The California Community Colleges are vital to closing the projected shortfall of Californians with a postsecondary credential and sustaining the state’s economic competitiveness. Increasing the number of students who pursue and earn certificates and associate degrees in career technical education (CTE) fields is an important component of the postsecondary completion challenge, but one that has been under-emphasized in a system with a strong and historic commitment to its transfer mission. In today’s economy, well-designed CTE programs offer economic security to students and the foundation for further educational and economic gain.
IHELP’s examination of the current CTE mission within the California Community Colleges has resulted in a series of reports, the culmination of which is this systematic study of the degree to which system and state policies, as codified in statute and regulation, are supportive of the mission.
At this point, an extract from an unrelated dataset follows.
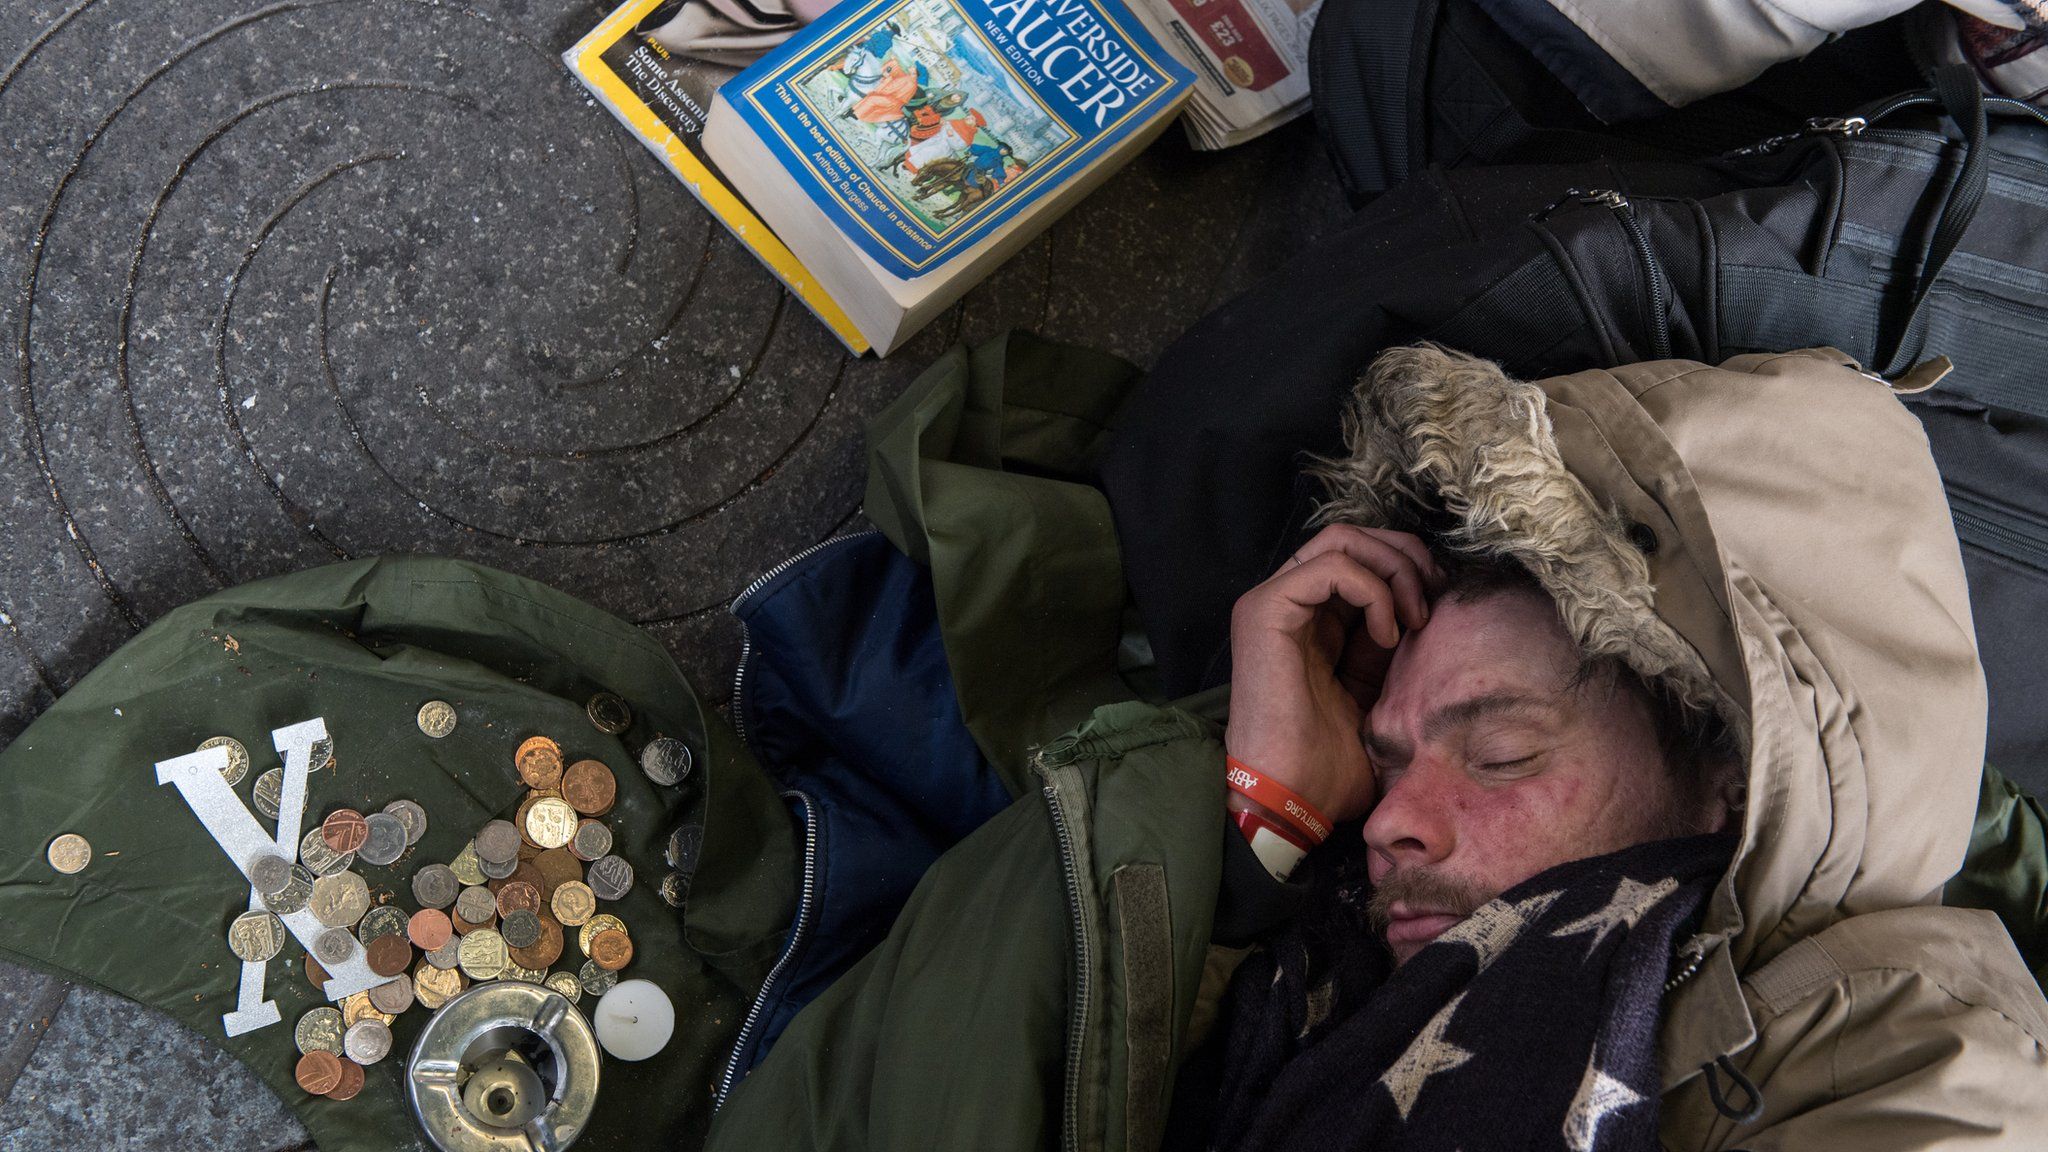 Homeless man sleeping by donations
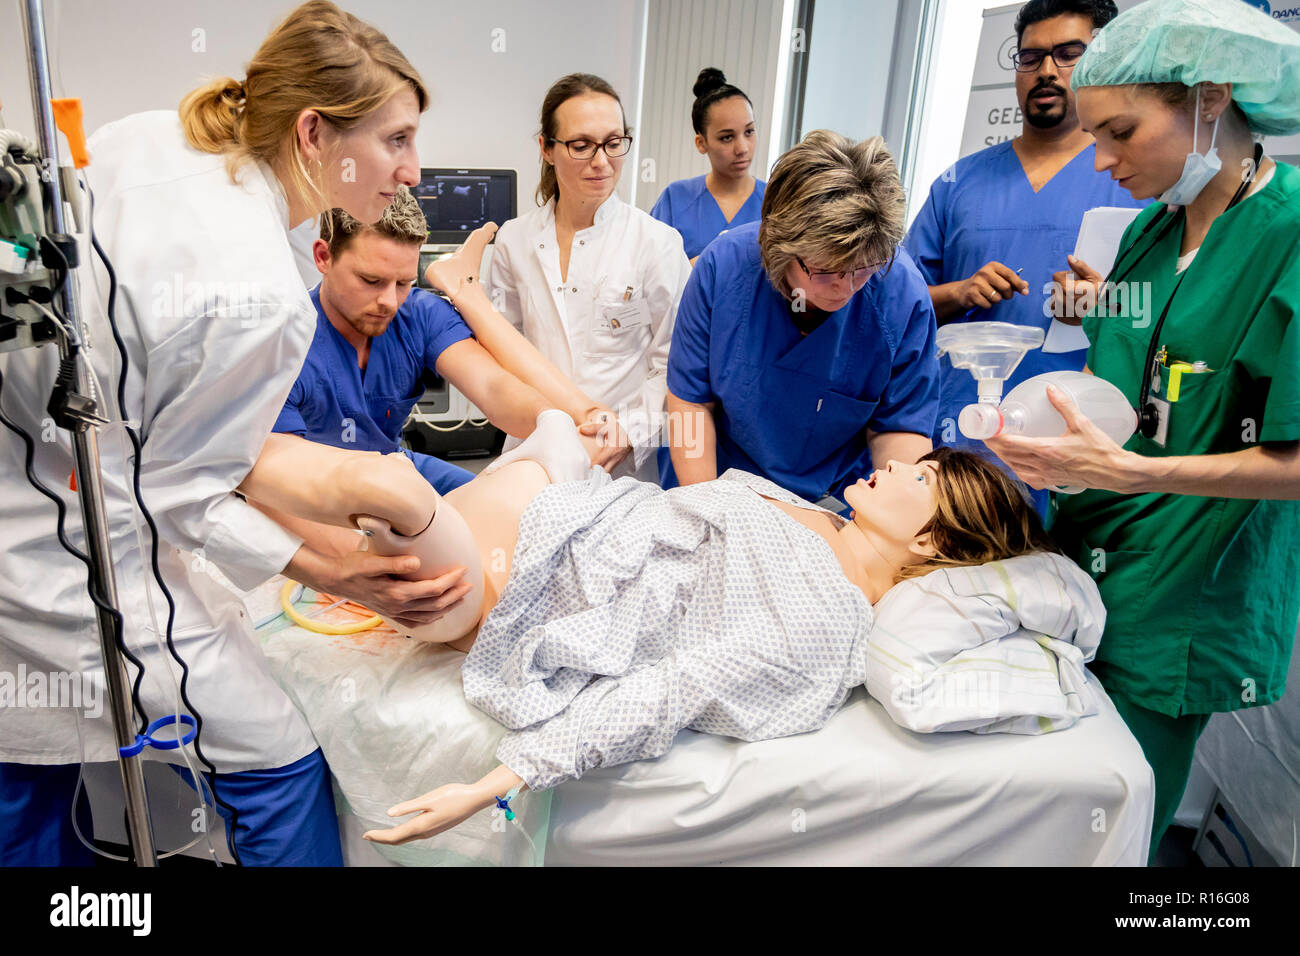 https://c8.alamy.com/comp/R16G08/berlin-germany-09th-nov-2018-employees-of-the-charit-clinic-for-obstetrics-practice-the-treatment-of-peri-postpartum-bleeding-with-a-birth-simulation-manikin-with-the-simulation-dummy-junior-doctors-and-midwives-at-the-charit-can-train-the-processes-involved-in-childbirth-credit-christoph-soederdpaalamy-live-news-R16G08.jpg

With extensive input from faculty and staff in the field (see acknowledgements box), we learned about the challenges facing colleges to design and deliver quality CTE programs that help students earn credentials of value in the workplace. We studied statutes and regulations to identify instances where policies are not ideally aligned with the goals of CTE.
The policies governing the community colleges were designed with the historically important transfer mission foremost in mind. Policies matter, as they set forth the expectations and create the incentives and rules that influence students’ experiences and outcomes. As the role of the colleges to promote workforce development has become increasingly vital to the state’s economy, it is important to adapt the infrastructure of policies to serve students most effectively, whether or not they are intending to transfer prior to starting a career.
We used the framework depicted in the figure below to impose conceptual order on a highly complex set of issues. As with all four reports in this Career Opportunities series, we defined an effective CTE mission in terms of seven criteria that we derived from a review of the literature on the community college career education mission. Drawing on our findings from all parts of this project, we organized potential barriers to more effective CTE into three recurring themes. We then identified those sections of the Education Code and Title 5 of the Code of Regulations that seemed applicable to the potential barriers. Our analysis produced a set of options for revising policies and adopting new policies that would help to remove barriers to satisfying the criteria for an effective CTE mission. We hope that our suggestions will serve as a resource to the community college system as it continues to work to improve student success.